Gli oceani, fonte preziosa di informazioni

Ma lo studio del clima e dei cambiamenti climatici non può prescindere dalla conoscenza dei processi che avvengono negli oceani e che influenzano e determinano il clima del pianeta. Gli oceani non sono mai fermi ma, al contrario, come per un enorme sistema cardiocircolatorio, sono solcati da inarrestabili enormi fiumi di acque che – a tutte le profondità – mescolano e trasportano calore, ossigeno, nutrienti, inquinanti e organismi.
La circolazione marina influenza profondamente non solo gli organismi marini e i loro habitat, ma anche il clima della Terra e quindi tutti gli habitat terrestri.
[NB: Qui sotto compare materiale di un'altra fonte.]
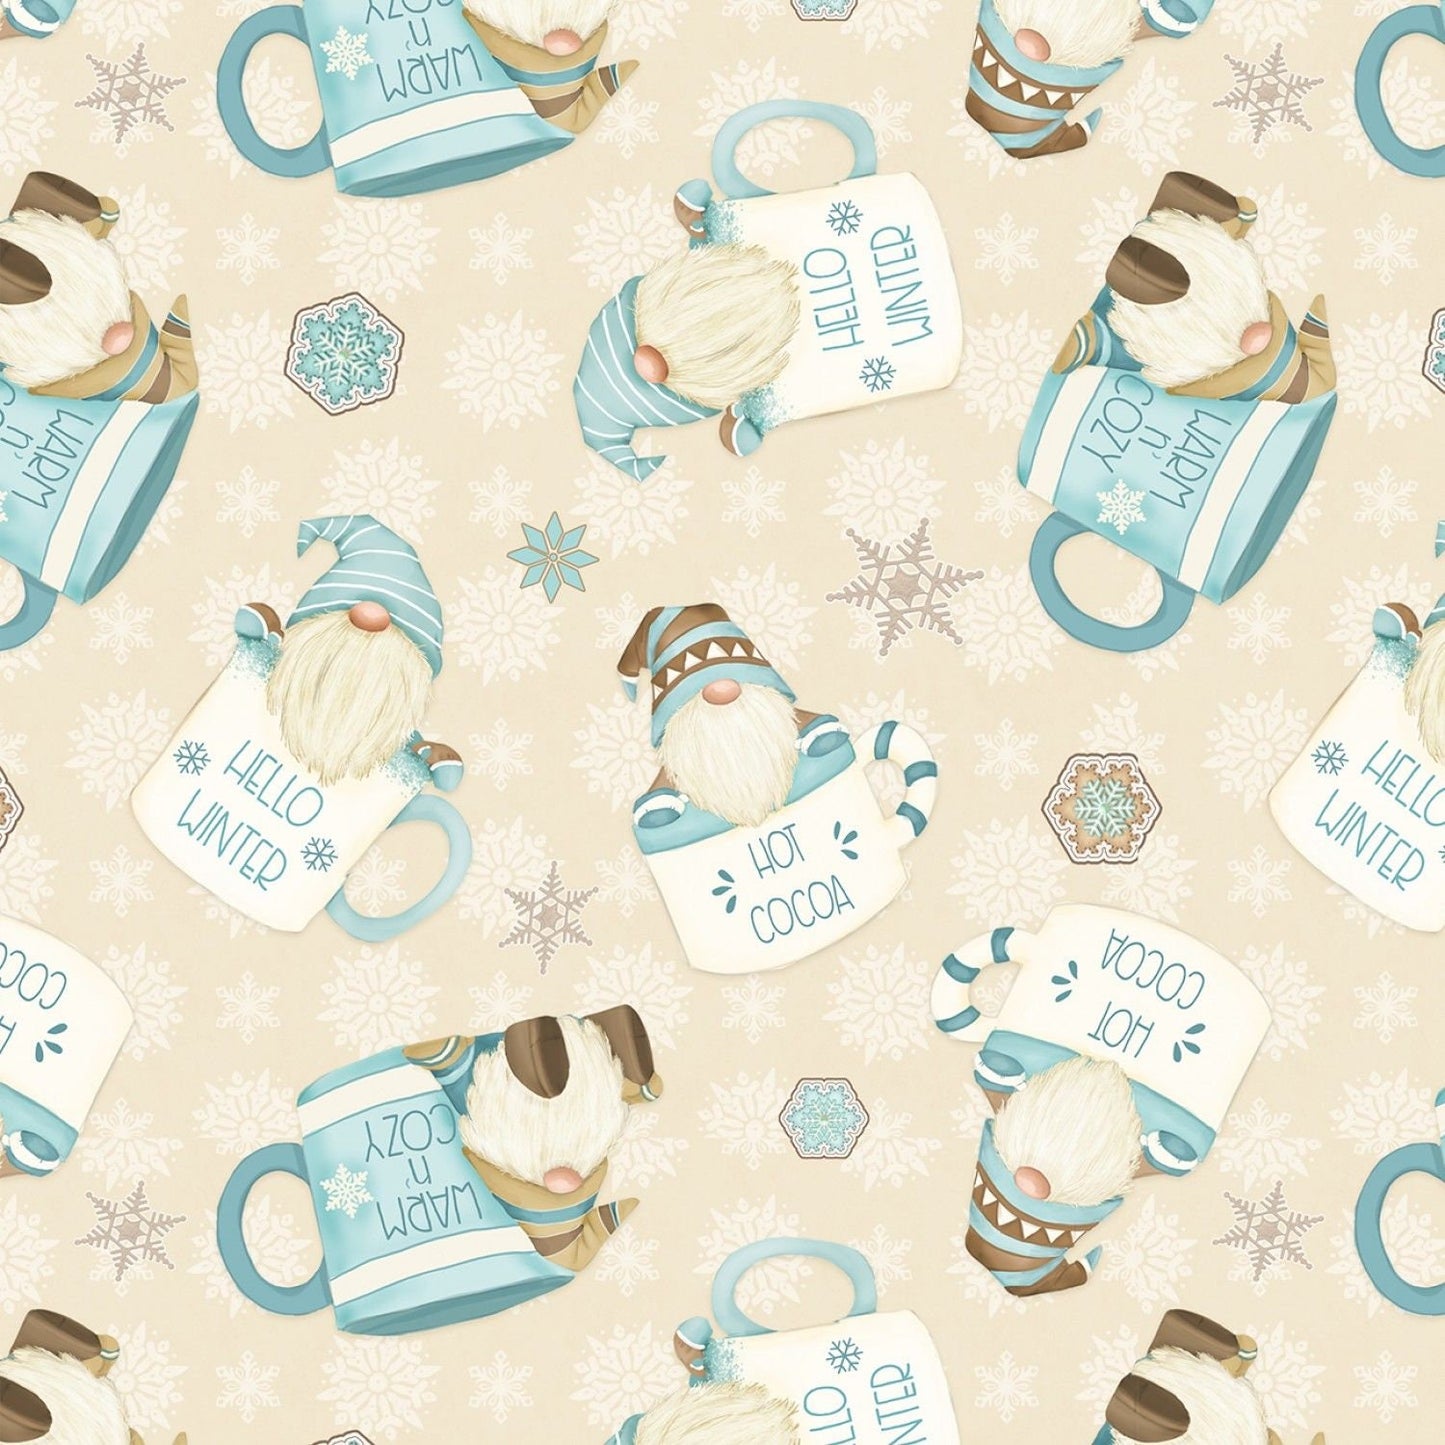 I Love SN'Gnomes by Shelly Comisky Hot Cocoa Cup Gnomes Cream F9640-44 100% Cotton Flannel Fabric

Le acque superficiali sono tipicamente più calde e meno dense e galleggiano al di sopra di acque più dense, a meno che il vento o le condizioni meteo marine rimescolino la colonna d’acqua. Un tale tipo di colonna d’acqua è detto stabile, ma la stabilità dipende dalla differenza di densità tra i vari strati. Se le acque superficiali sono solo leggermente meno dense di quelle sottostanti, sarà necessaria poca energia per rimescolare i due strati e la colonna, quindi, avrà una bassa stabilità. Al contrario, se una colonna d’acqua è molto stabile, avrà una differenza di densità molto ampia tra i due strati e richiederà quindi molta più energia per il suo rimescolamento. Talvolta, la colonna d’acqua diventa instabile e le acque superficiali diventano più dense di quelle sottostanti; quando ciò avviene, le masse d’acqua superficiali sprofondano (downwelling) mescolandosi a quelle profonde durante il processo di inabissamento. L’intero processo, anche detto overturn, dà luogo alla formazione di celle convettive. Una volta che l’acqua superficiale è sprofondata, la sua salinità e temperatura non cambia; a partire da questo momento, la massa d’acqua conserva una propria “impronta digitale”, una combinazione caratteristica di temperatura e salinità, che gli oceanografi possono utilizzare per seguirne i movimenti ovvero mappare la circolazione delle masse d’acqua su grandi distanze. Poiché questo tipo di circolazione è dovuta a cambiamenti di densità, che a loro volta sono legati a variazioni di temperatura e salinità, si usa spesso definirla con il nome di circolazione termoalina. Una volta abbandonata la superficie, le masse d’acqua sprofondano fino a una quota determinata dalla loro densità. Le acque a densità intermedia scendono fino a una data profondità, dove sono leggermente più dense delle superiori ma leggermente meno di quelle sottostanti. Per inabissarsi fino al fondo, le masse d’acque devono diventare molto dense, cioè molto fredde e salate.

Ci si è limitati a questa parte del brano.